> Given entries:
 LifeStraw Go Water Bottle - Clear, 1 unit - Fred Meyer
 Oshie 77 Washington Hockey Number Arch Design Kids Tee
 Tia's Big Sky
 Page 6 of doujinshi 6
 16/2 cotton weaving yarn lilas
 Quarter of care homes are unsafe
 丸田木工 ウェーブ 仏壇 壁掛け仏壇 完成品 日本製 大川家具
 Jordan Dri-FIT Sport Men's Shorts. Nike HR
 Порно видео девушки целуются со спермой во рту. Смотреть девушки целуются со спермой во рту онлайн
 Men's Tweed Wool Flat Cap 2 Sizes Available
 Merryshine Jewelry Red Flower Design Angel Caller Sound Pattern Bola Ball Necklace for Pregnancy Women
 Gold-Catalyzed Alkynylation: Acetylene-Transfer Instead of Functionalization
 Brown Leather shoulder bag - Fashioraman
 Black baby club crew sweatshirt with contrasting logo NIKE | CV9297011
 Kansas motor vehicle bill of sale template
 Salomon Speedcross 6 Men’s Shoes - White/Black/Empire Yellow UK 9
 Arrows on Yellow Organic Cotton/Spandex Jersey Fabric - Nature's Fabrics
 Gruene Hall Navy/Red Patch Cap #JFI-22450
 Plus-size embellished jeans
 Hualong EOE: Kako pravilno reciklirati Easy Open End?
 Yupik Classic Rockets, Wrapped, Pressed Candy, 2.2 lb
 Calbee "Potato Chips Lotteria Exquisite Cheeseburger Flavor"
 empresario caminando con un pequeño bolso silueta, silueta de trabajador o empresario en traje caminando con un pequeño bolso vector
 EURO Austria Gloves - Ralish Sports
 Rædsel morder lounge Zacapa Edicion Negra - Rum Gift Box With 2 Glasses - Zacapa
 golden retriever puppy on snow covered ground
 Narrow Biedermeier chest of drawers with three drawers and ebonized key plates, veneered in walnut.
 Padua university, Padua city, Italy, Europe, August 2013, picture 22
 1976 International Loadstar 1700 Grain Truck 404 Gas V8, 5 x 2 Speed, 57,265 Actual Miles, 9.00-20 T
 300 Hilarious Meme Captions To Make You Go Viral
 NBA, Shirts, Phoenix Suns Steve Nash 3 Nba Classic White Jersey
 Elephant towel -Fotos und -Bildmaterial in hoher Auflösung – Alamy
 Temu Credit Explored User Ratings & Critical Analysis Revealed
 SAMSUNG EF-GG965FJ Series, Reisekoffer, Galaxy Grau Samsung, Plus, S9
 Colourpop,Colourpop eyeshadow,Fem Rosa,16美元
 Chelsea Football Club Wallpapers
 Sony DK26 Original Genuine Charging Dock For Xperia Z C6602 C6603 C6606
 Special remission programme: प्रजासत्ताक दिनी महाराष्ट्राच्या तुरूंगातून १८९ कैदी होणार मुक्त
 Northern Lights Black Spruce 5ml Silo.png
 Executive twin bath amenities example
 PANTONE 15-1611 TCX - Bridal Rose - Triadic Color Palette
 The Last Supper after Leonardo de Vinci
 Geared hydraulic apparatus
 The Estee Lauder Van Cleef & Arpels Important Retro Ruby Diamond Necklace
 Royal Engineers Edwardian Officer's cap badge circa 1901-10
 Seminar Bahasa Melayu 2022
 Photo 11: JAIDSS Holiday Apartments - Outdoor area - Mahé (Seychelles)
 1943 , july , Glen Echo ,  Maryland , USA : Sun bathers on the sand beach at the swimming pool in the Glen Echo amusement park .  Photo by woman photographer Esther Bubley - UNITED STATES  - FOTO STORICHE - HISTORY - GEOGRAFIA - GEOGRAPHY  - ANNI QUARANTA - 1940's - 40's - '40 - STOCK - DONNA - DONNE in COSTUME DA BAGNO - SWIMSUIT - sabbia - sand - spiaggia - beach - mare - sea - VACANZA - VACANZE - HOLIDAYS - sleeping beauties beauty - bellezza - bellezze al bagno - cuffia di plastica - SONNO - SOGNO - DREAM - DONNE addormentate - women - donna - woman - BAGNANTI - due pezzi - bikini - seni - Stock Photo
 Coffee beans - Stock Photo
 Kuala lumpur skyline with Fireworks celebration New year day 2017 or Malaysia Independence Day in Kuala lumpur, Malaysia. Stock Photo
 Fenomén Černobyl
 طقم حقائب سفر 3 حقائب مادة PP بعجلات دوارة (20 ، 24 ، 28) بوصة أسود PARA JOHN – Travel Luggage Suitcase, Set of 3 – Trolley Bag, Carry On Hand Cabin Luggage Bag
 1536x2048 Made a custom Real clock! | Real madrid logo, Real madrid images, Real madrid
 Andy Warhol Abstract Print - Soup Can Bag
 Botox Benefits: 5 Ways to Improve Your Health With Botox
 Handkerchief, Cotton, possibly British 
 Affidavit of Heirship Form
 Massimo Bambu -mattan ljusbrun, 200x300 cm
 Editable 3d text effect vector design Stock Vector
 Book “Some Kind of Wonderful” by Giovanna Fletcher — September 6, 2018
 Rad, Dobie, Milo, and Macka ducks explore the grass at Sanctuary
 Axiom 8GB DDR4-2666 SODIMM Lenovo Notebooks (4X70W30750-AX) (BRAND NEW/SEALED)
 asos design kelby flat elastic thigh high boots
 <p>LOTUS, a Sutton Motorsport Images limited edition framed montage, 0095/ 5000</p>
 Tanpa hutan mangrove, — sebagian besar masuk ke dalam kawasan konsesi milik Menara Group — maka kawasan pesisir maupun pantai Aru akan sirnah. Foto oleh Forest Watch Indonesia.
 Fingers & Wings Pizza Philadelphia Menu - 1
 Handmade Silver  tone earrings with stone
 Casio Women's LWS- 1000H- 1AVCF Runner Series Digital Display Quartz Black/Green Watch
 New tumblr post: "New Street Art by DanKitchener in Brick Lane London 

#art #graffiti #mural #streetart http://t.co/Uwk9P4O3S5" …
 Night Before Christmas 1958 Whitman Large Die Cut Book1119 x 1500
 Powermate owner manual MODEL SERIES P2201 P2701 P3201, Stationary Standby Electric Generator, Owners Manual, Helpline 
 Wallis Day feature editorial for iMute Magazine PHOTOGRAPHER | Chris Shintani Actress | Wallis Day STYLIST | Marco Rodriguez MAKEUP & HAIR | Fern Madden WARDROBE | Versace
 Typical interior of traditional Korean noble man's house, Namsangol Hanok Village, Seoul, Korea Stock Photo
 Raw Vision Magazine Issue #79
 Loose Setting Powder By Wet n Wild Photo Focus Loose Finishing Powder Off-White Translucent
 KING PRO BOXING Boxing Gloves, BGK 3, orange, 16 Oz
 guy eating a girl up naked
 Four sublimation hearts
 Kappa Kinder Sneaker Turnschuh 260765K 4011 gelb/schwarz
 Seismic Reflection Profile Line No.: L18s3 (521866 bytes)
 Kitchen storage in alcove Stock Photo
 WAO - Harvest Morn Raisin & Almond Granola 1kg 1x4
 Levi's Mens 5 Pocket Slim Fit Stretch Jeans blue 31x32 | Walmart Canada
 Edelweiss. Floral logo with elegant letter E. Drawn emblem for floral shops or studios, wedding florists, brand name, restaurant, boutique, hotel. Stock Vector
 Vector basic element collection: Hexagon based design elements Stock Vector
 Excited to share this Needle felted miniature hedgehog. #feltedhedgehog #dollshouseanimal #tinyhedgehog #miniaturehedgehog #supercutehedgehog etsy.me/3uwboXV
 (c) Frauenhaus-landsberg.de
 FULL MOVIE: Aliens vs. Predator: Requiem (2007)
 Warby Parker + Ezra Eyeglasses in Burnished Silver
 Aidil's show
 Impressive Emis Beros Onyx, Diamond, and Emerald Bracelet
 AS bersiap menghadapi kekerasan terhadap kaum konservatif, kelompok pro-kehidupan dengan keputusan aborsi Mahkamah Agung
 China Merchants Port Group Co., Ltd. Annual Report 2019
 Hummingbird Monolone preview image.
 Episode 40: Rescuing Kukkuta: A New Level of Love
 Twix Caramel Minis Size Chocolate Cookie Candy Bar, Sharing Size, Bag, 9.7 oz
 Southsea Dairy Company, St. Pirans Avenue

> What you should do: What lines of the listing above hold "Yellow"? Copy all of them.

> Answer to this task:
 Salomon Speedcross 6 Men’s Shoes - White/Black/Empire Yellow UK 9
 Arrows on Yellow Organic Cotton/Spandex Jersey Fabric - Nature's Fabrics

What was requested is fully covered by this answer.